Nicholson, BGM
(1892 - 1918)
Key Facts
DATE OF BIRTH:
26th September 1892
YEARS ATTENDED THE COLLEGE:
1907 - 1909
HOME ADDRESS WHEN AT THE COLLEGE:
3 High View Park Gardens, West Norwood
REGIMENT
13th Battalion, Northumberland Fusiliers
FINAL RANK:
Lieutenant
DATE OF DEATH:
29th October 1918
AGE AT DEATH:
26
WHERE HE DIED (or was wounded)
Lincoln
LOCATION OF GRAVE OR MEMORIAL:
Hanwell (City of Westminster) Cemetery. R. 3845.

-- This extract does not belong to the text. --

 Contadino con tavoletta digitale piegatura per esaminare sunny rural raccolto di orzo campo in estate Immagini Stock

Lieutenant Bernard George Maurice Nicholson
Born on September 26th 1892, Bernard was the youngest of three surviving children of railway worker George Nicholson and his wife, Anna. He joined Dulwich in September 1907, two years after his elder brother, Geoffrey, had left, and went on to be at the College for the next two and a half years, leaving at Christmas 1909. During his final autumn he was in the Modern Lower Fourth, and also a regular player for the 2nd XV. After finishing school, he went on to work as a clerk at a private mental institution.

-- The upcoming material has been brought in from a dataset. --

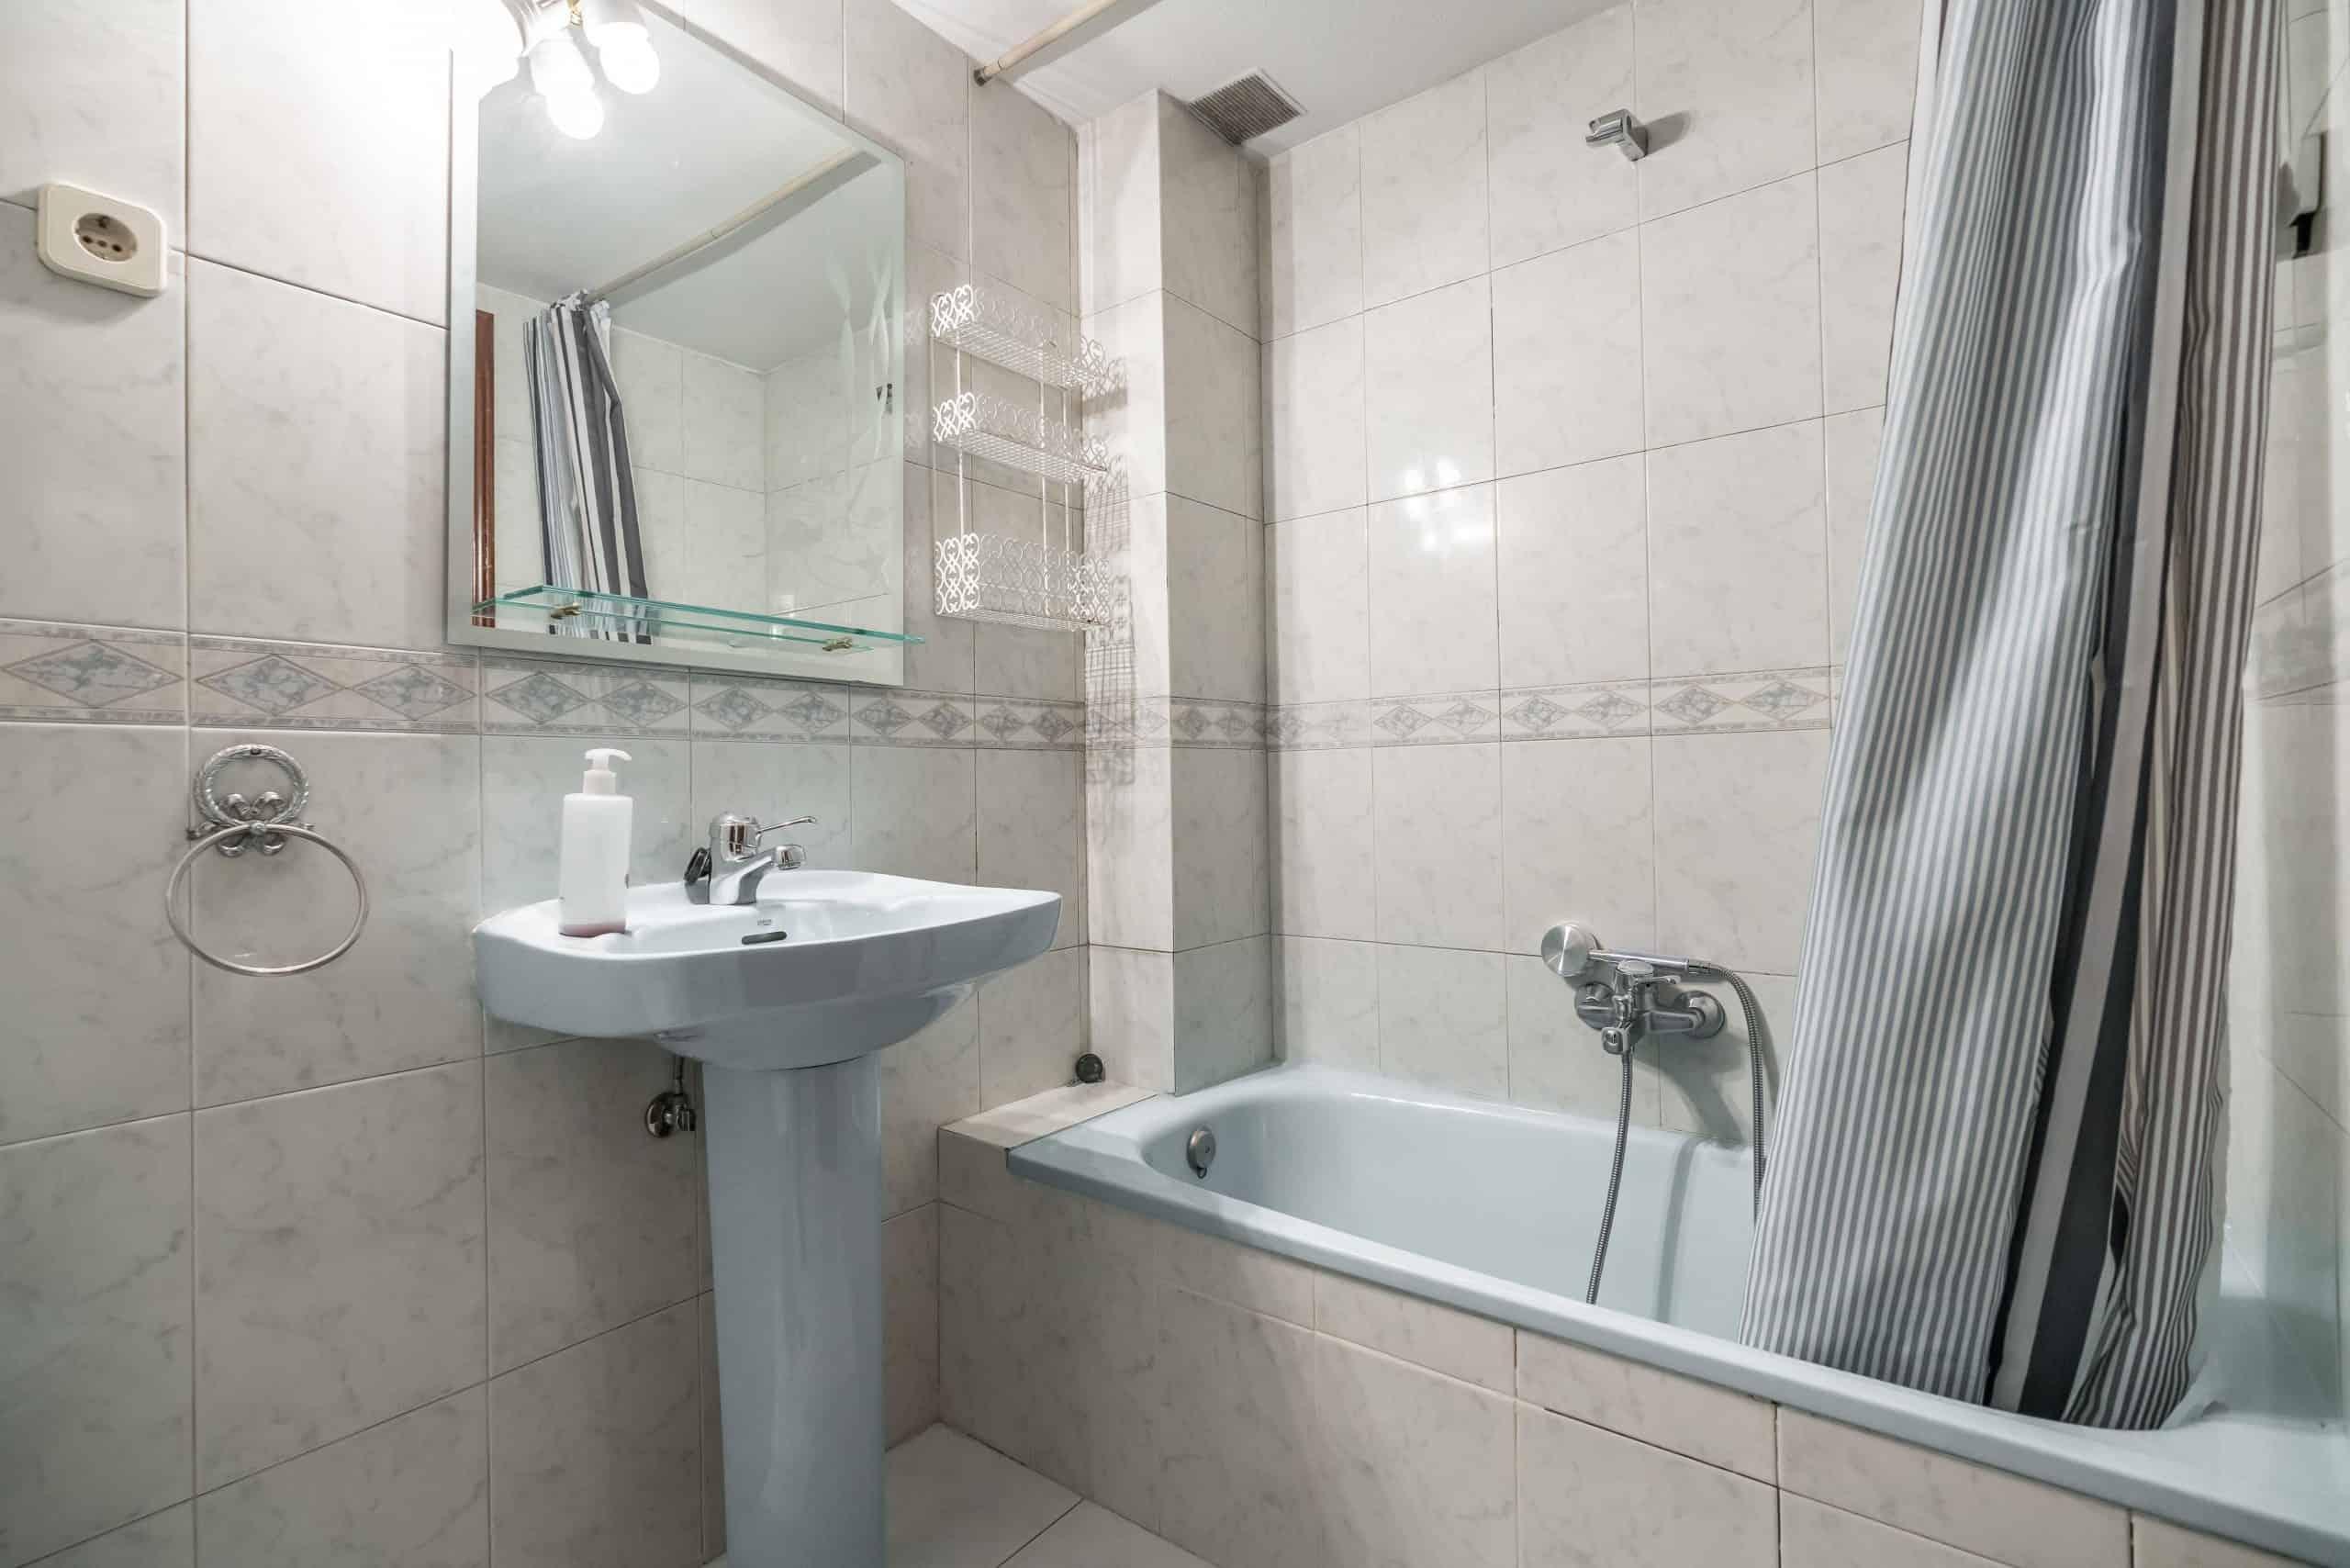 Agencia Inmobiliaria de Madrid-FUTUROCASA-Zona ARGANZUELA-LEGAZPI -calle Jaime Conquistador 48- Baño 3

On September 2nd 1914, around a month after war had been declared, Bernard enlisted in the Artists Rifles, along with his friend and fellow OA, Claude Kidd. After a year’s service, much of it spent training, he was given a commission in the Northumberland Fusiliers, otherwise known as the ‘Fighting Fifth’, the following October. He went on to serve at Armentieres, Buire & Meaulte, before a serious injury sustained at Fricourt during the first day of the Somme resulted in him being invalided back to England. That November he was posted to the 4th Training Reserve Battalion, based in Staffordshire, before rejoining his regiment in France early the following year. After spending the early part of 1917 on the front line, Bernard was promoted to Lieutenant that July. For the rest of the year he was in and out of the trenches on a regular basis, seeing his most prolonged period of action at Poelcappelle that October, during the Third Battle of Ypres. In January 1918 he returned to England, and was attached to the Hampshire Cyclist Battalion, working on the coastal defences in Lincolnshire. Not long afterwards he contracted septic pneumonia, and after an extended battle with the illness ultimately passed away, on October 29th 1918, in a hospital in Lincoln.